_Exercise:_ Begin at the line where "背面有M.HOA的印章" appears and reproduce exactly every line through the end of the data below, both included, skipping pictures.

_Supplied data:_
- Opening Delimiter -
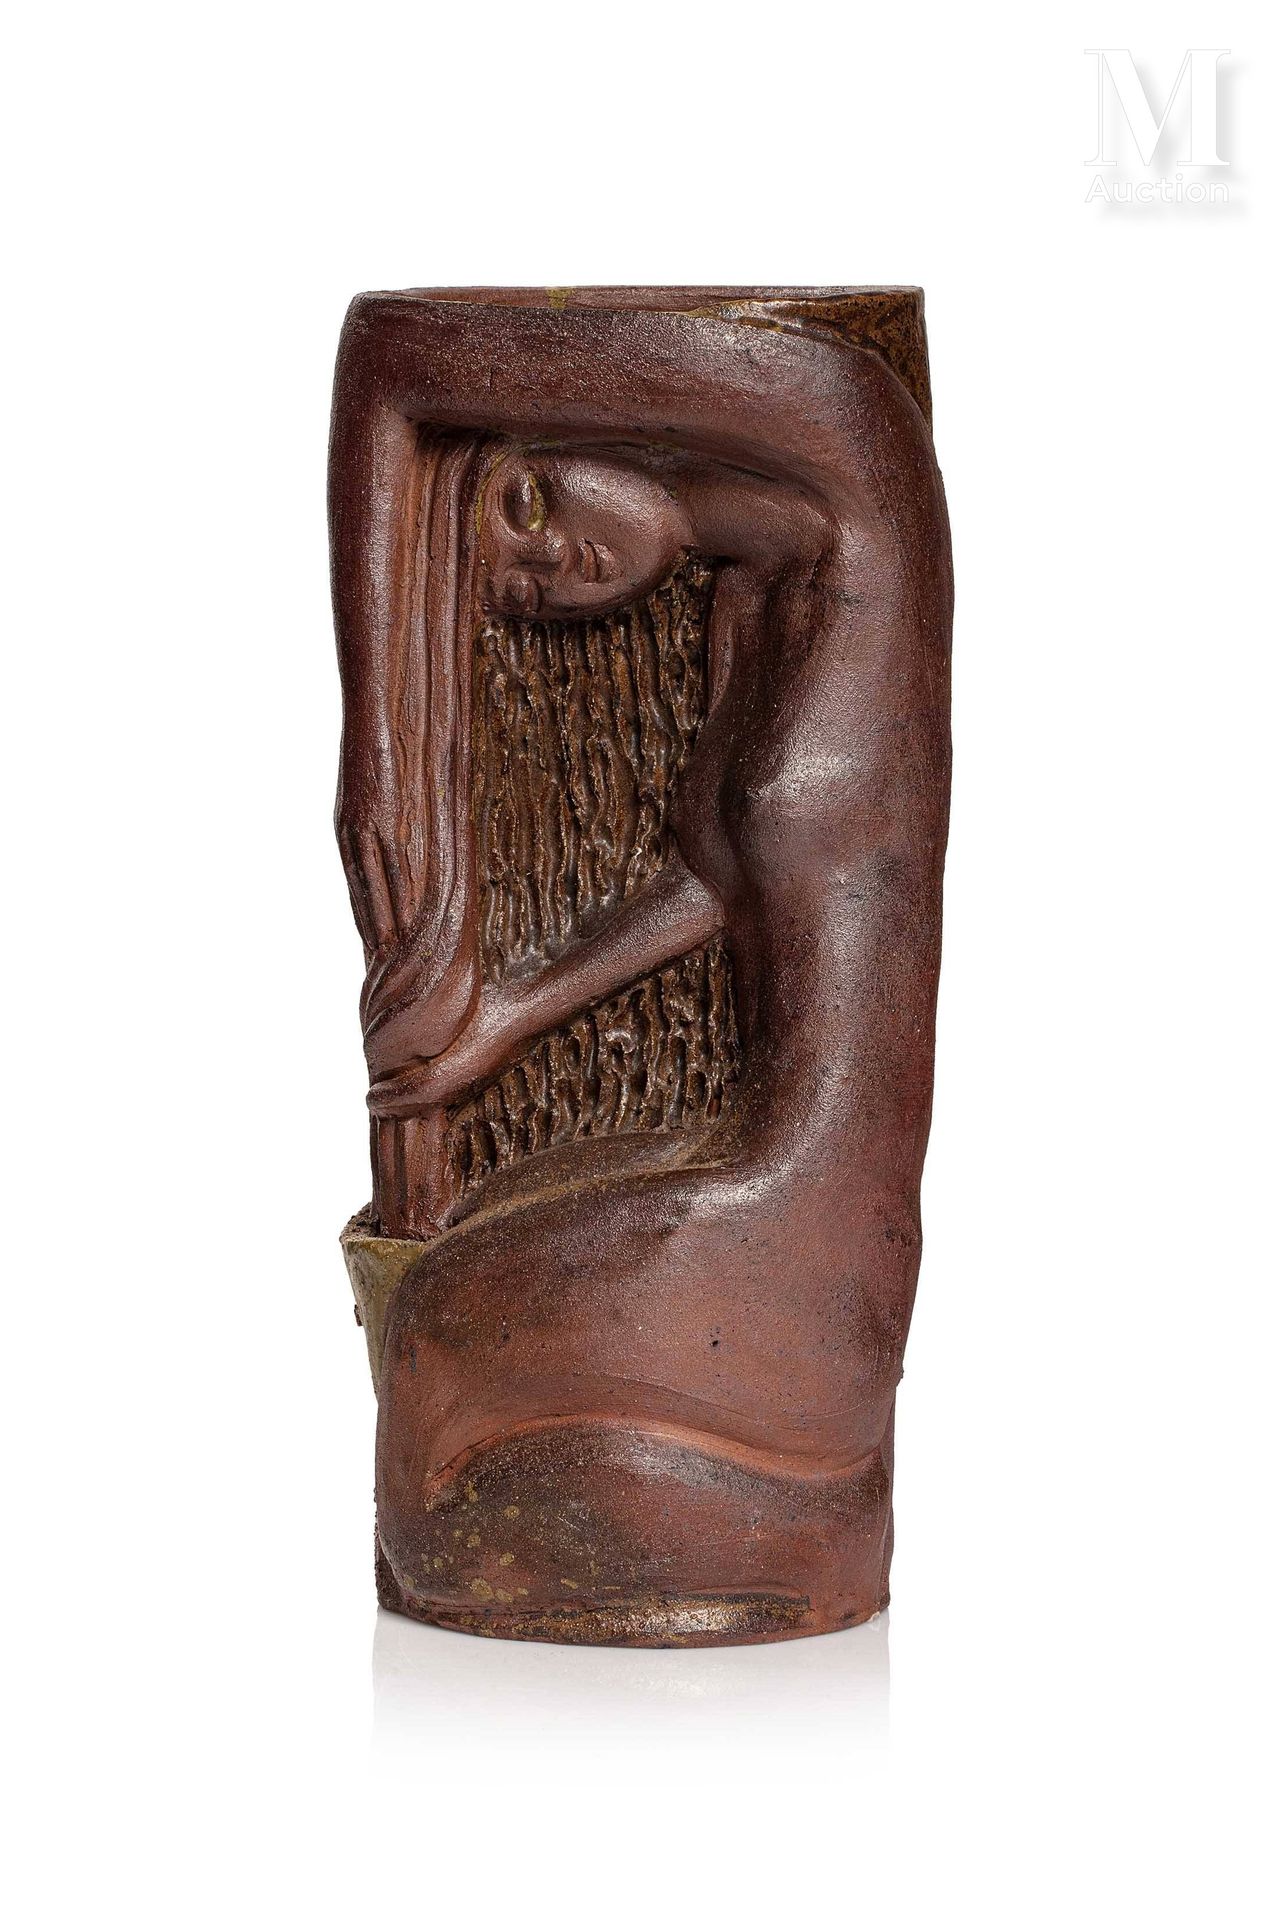 VIETNAM, XXe siècle, Vase en grés émaillé 描绘了一个年轻女人在厕所的情景

背面有M.HOA的印章

高度：33厘米
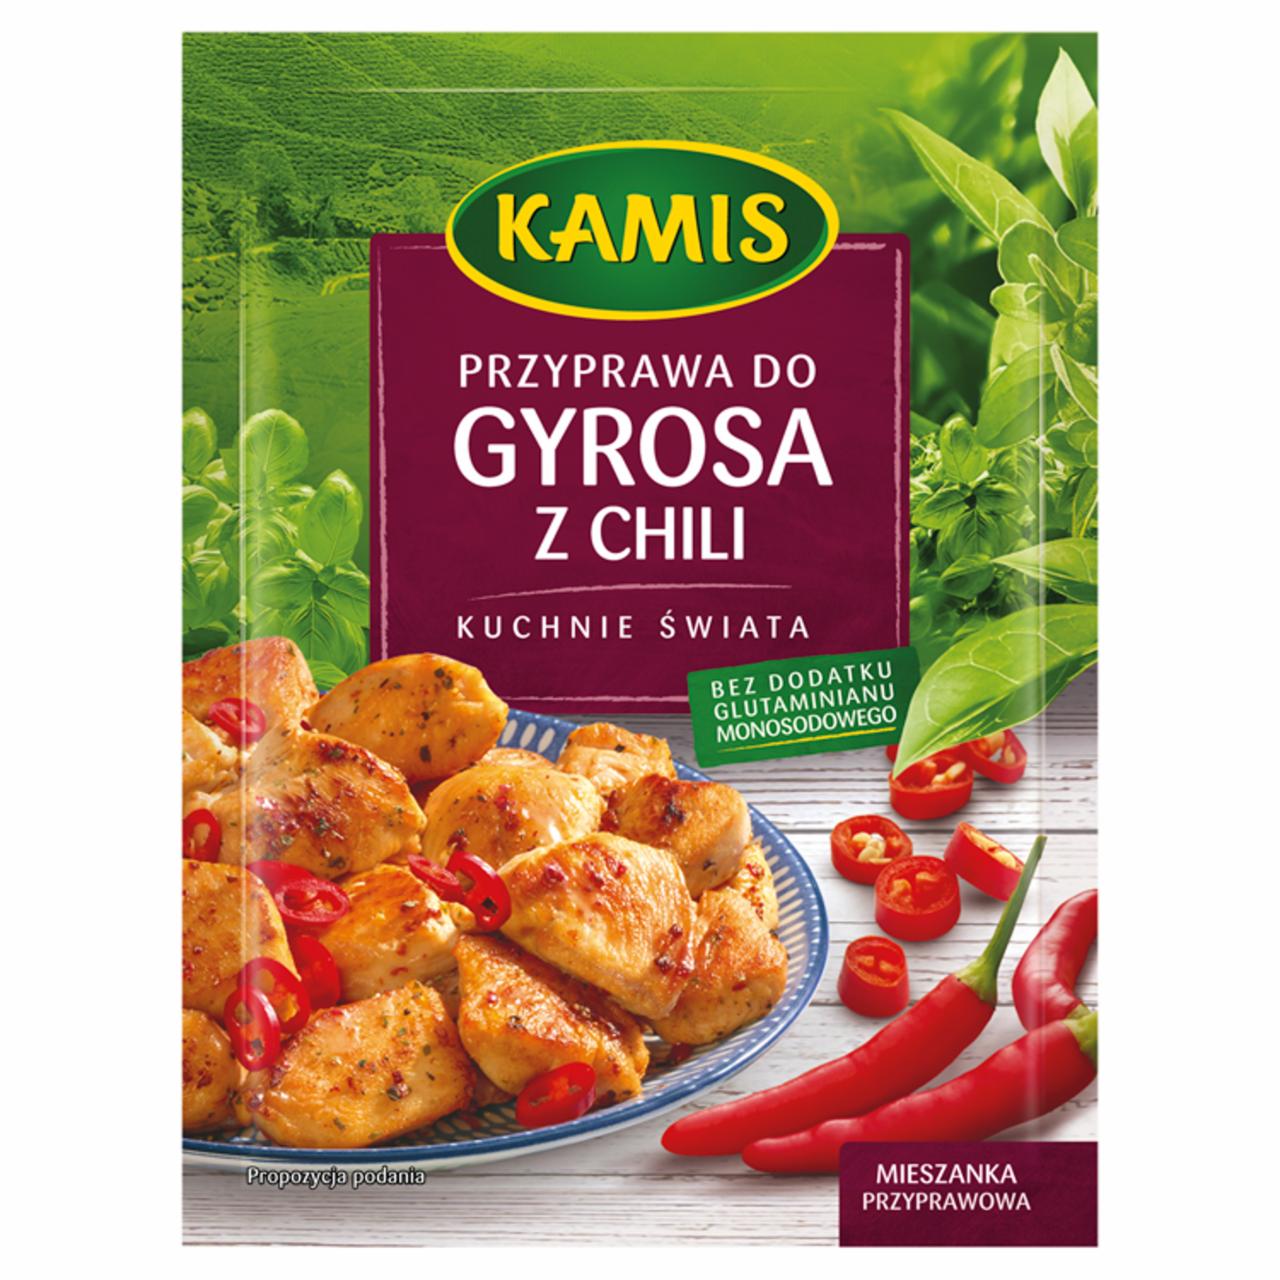 Zdjęcia - Kamis Kuchnie świata Przyprawa do gyrosa z chili Mieszanka przyprawowa 30 g
- Closing Delimiter -
_Solved exercise:_
背面有M.HOA的印章

高度：33厘米
 Zdjęcia - Kamis Kuchnie świata Przyprawa do gyrosa z chili Mieszanka przyprawowa 30 g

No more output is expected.